== Data supplied ==
*-*-*
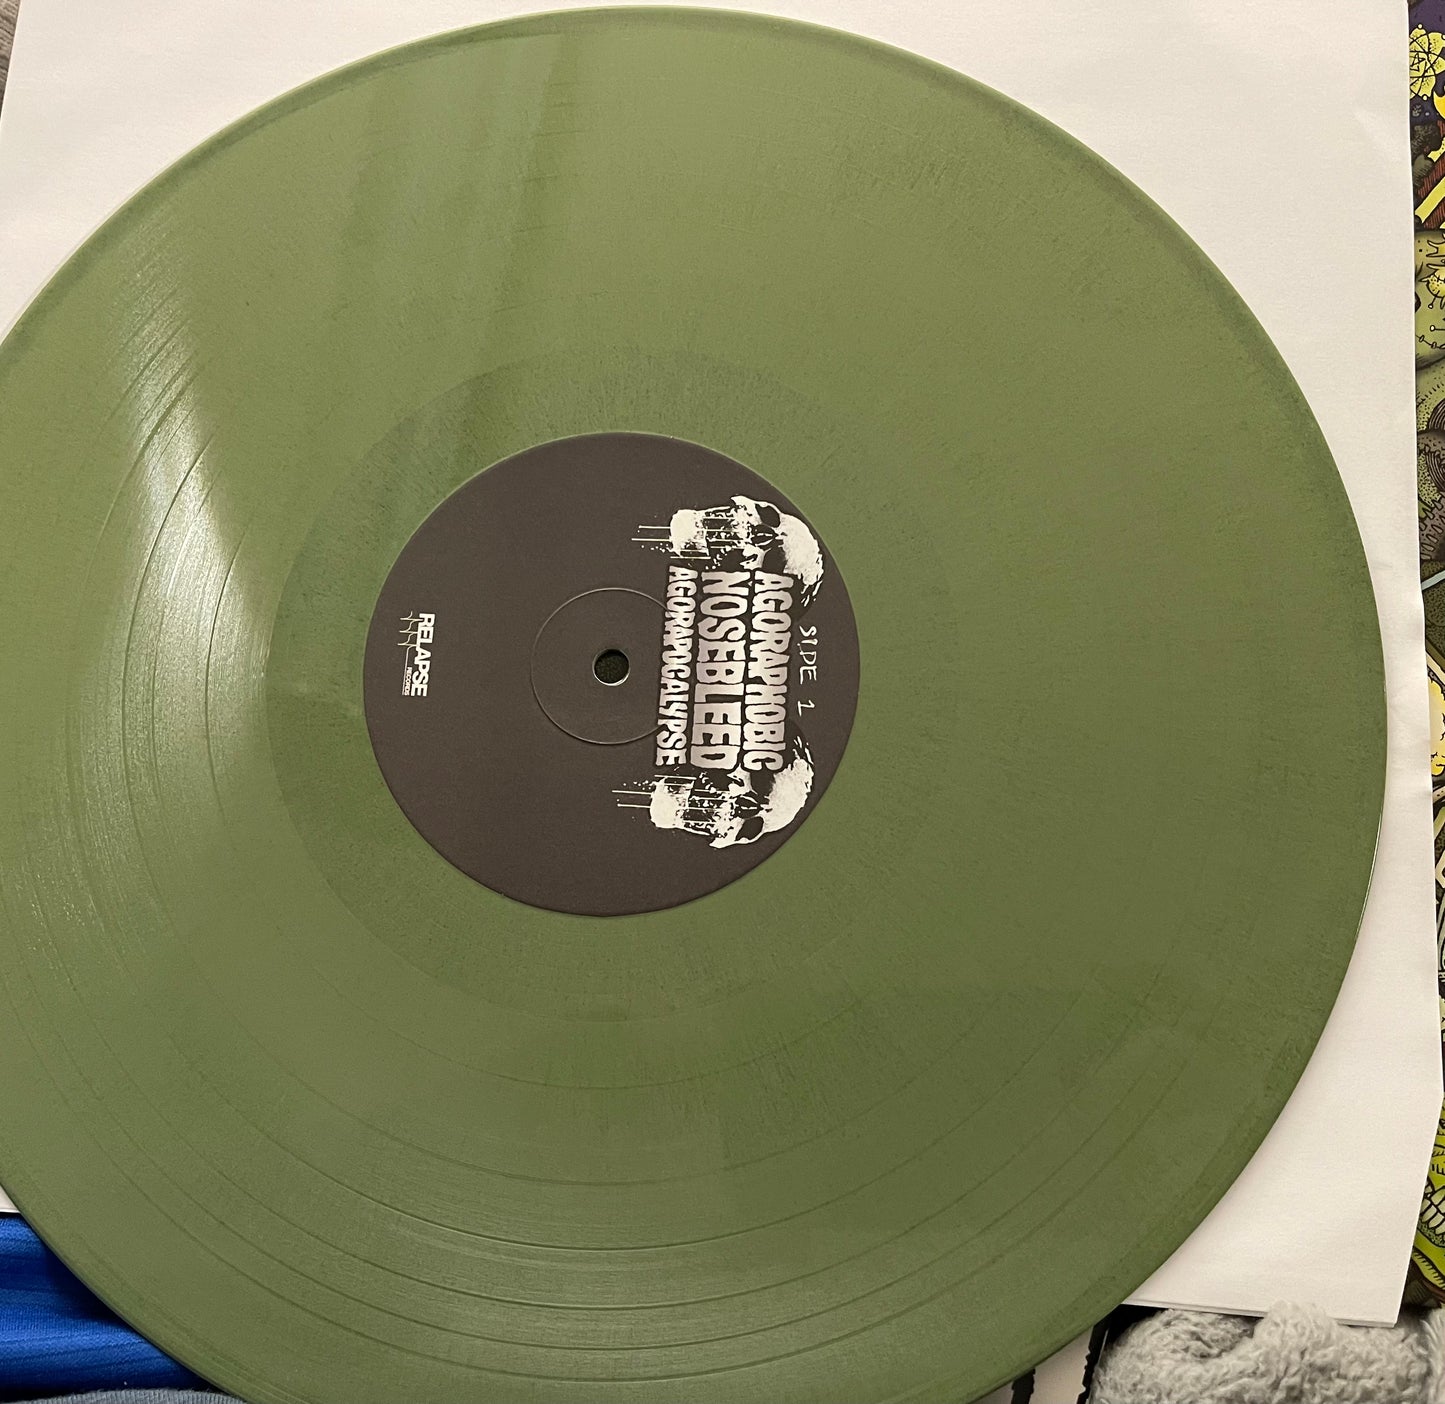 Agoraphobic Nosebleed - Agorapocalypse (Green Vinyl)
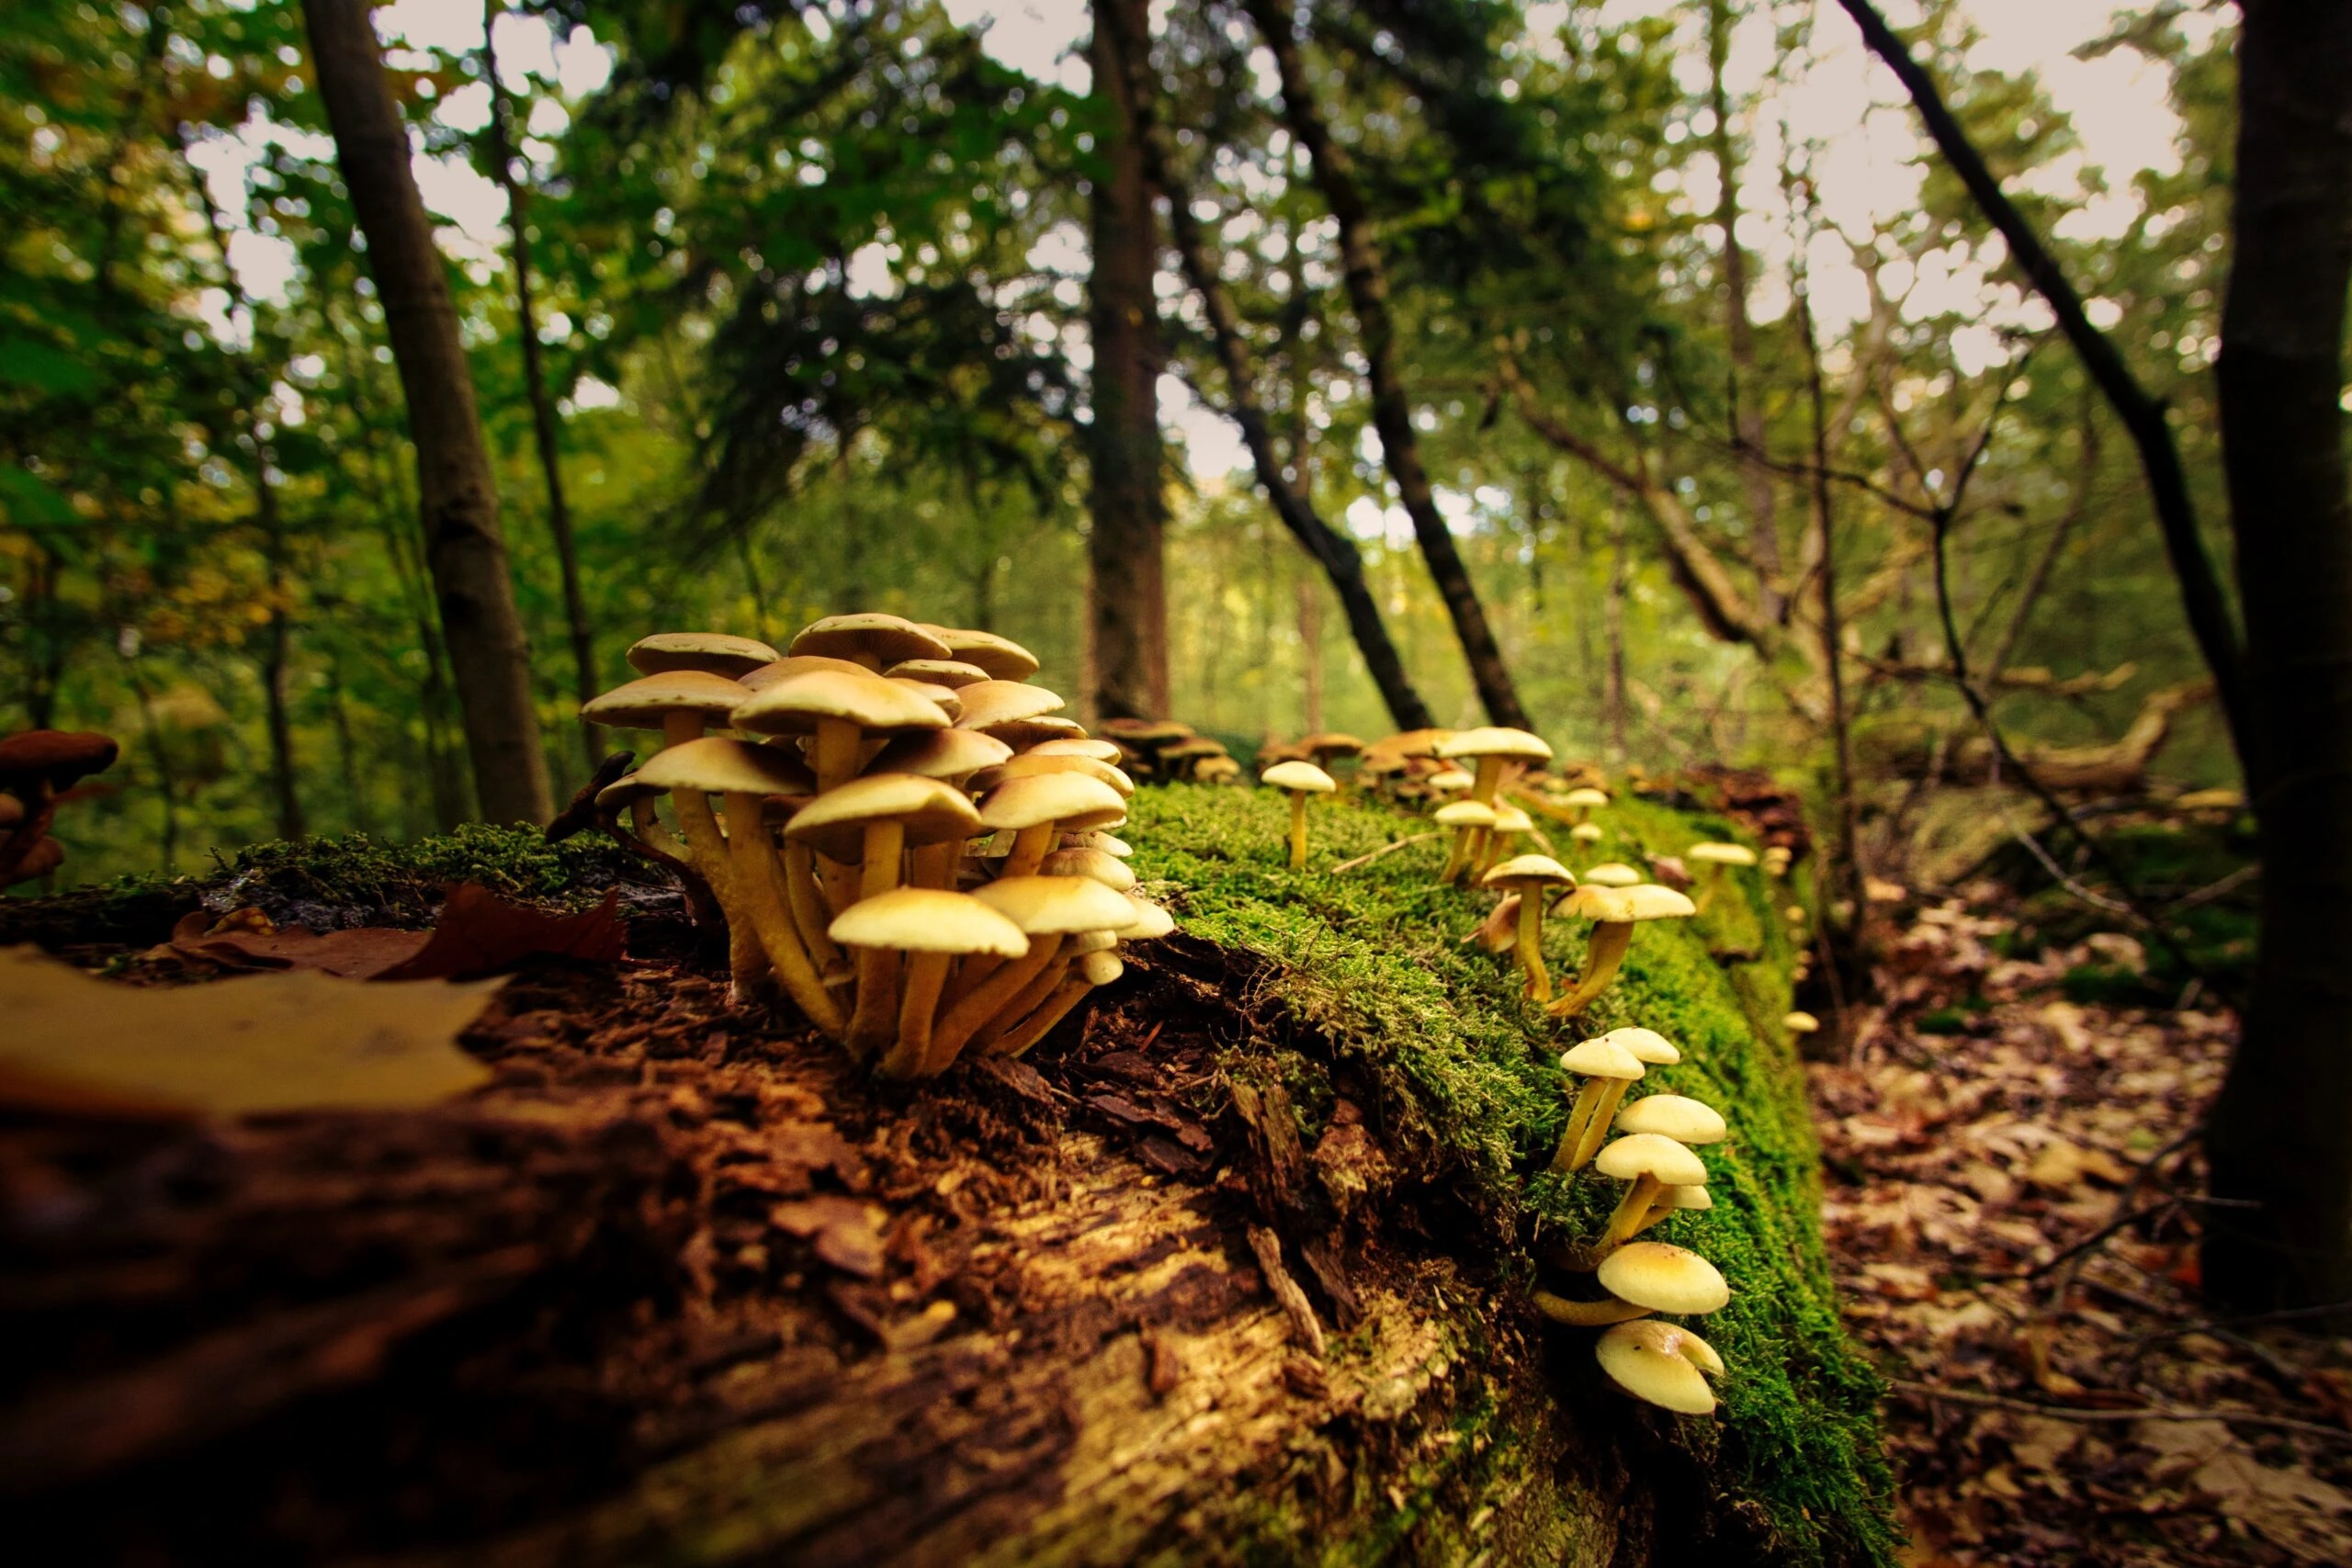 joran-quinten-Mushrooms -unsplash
*-*-*
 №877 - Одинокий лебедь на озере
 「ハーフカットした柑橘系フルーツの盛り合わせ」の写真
*-*-*
== Your task ==
Start with the line with "Agoraphobic Nosebleed - Agorapocalypse" in the listing above and stop after the line with "joran-quinten-Mushrooms -unsplash". Write out exactly the lines in that stretch and no others, without pictures.

== Response to the task ==
 Agoraphobic Nosebleed - Agorapocalypse (Green Vinyl)
 joran-quinten-Mushrooms -unsplash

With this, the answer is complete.